Missouri Botanical Garden Open Conference Systems, TDWG 2011 Annual Conference

Font Size: 
Digitarium's Digitisation Process Used for the Natural History Collection Specimens
Juha Lehtonen, Susanne Heiska, Mika Pajari, Riitta Tegelberg, Hannu Saarenmaa

Last modified: 2011-09-10

Abstract


Digitarium is a joint initiative of the Finnish Museum of Natural History and the University of Eastern Finland. It was established in 2010 as a dedicated shop for large scale digitisation of collections. Here we give an overview of the digitisation process as defined at Digitarium. It is driven by a custom-made software called JJClient (JJC). The process currently includes six different phases, and the JJClient uses SSH (Secure Shell) connection to move data between the phases:

1) The original physical material is received from the customer. A metadata entry is made about the received material and agreements.

2) The samples are barcoded. A globally unique HTTP URI and a 2-dimensional QRCode barcode is given for the sample. The ID tag will be glued to the paper sheet or pinned in needle of an insect sample.

3) All samples are imaged with high quality digital camera. The labels from insect specimens are removed and placed temporarily on a sheet of cardboard. An empty Darwin Core XML template and the TIFF images are created. JJC uploads the data in the server and serves the data for the next phase over the network. The physical samples are not needed anymore, which reduces their use to minimum.

4) Recording phase: Data is entered from the labels shown in the images to the XML template by using the JJC. The recorder downloads the images and XML template from the server and fills the data in the fields shown in the user interface of the JJC. In the end of the phase, the JJC uploads the data to the server.
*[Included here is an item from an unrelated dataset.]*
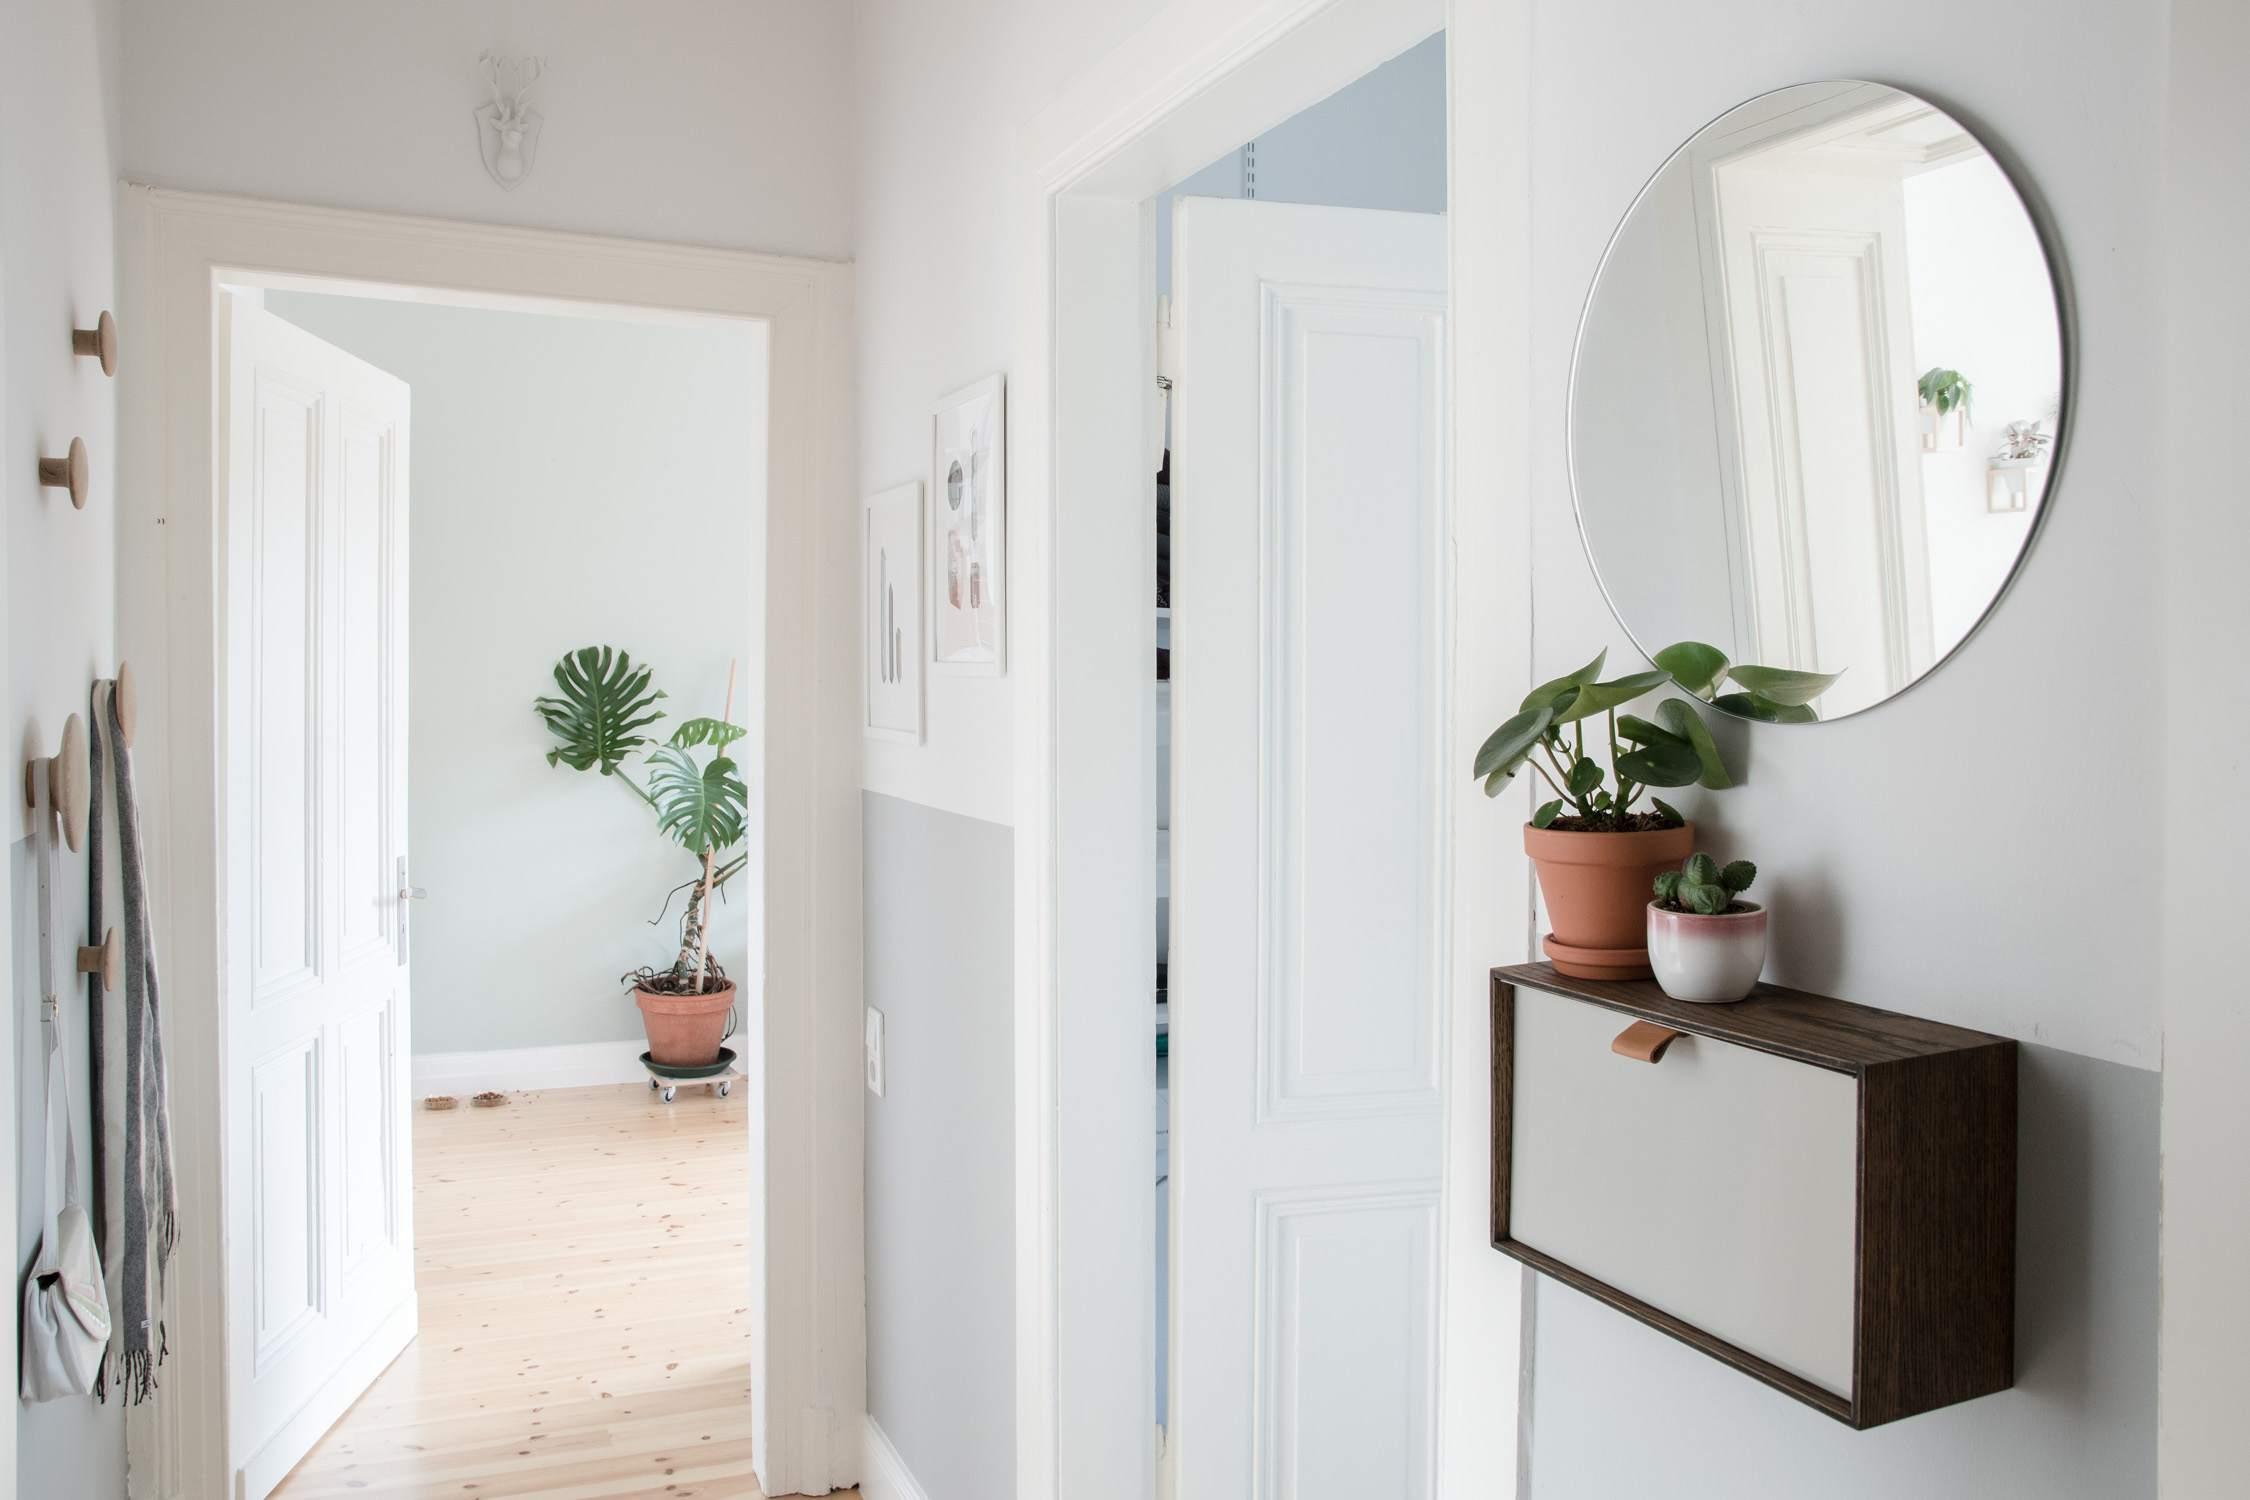 Plants in entryway

5) Validation of the data entry, where also additional steps can be included, such as georeferencing and data filtering (used e.g. for endangered species). The georeferencing is a semi-automatical component integrated in the JJC, which uses web services such as GEOLocate. The validation process itself is technically similar to the recording phase: The data is downloaded from the server, updated and uploaded back to the server with the JJC. Since the recording and validation are done from the images, this allows the recorder and the validator to do their work remotely.

6) Archiving and publishing the digital data, and delivering data and specimens back to the customer. The verified images are automatically stored and published in the Morphbank database and the XML files in the GBIF IPT database. The Metacat service is being evaluated as the long-term archival solution. All these databases run in the Digitarium's server. If the publication has not been agreed with the customer, the data is retained for Digitarium's internal use.

Implementation of the process described here is by no means fully completed. The process is being tested and refined. Scaling up of capacity will happen gradually, but it is too early to estimate what level of efficiency will be achieved.

URLs: http://digitarium.fi, http://morphbank.digitarium.fi/, http://ipt.digitarium.fi/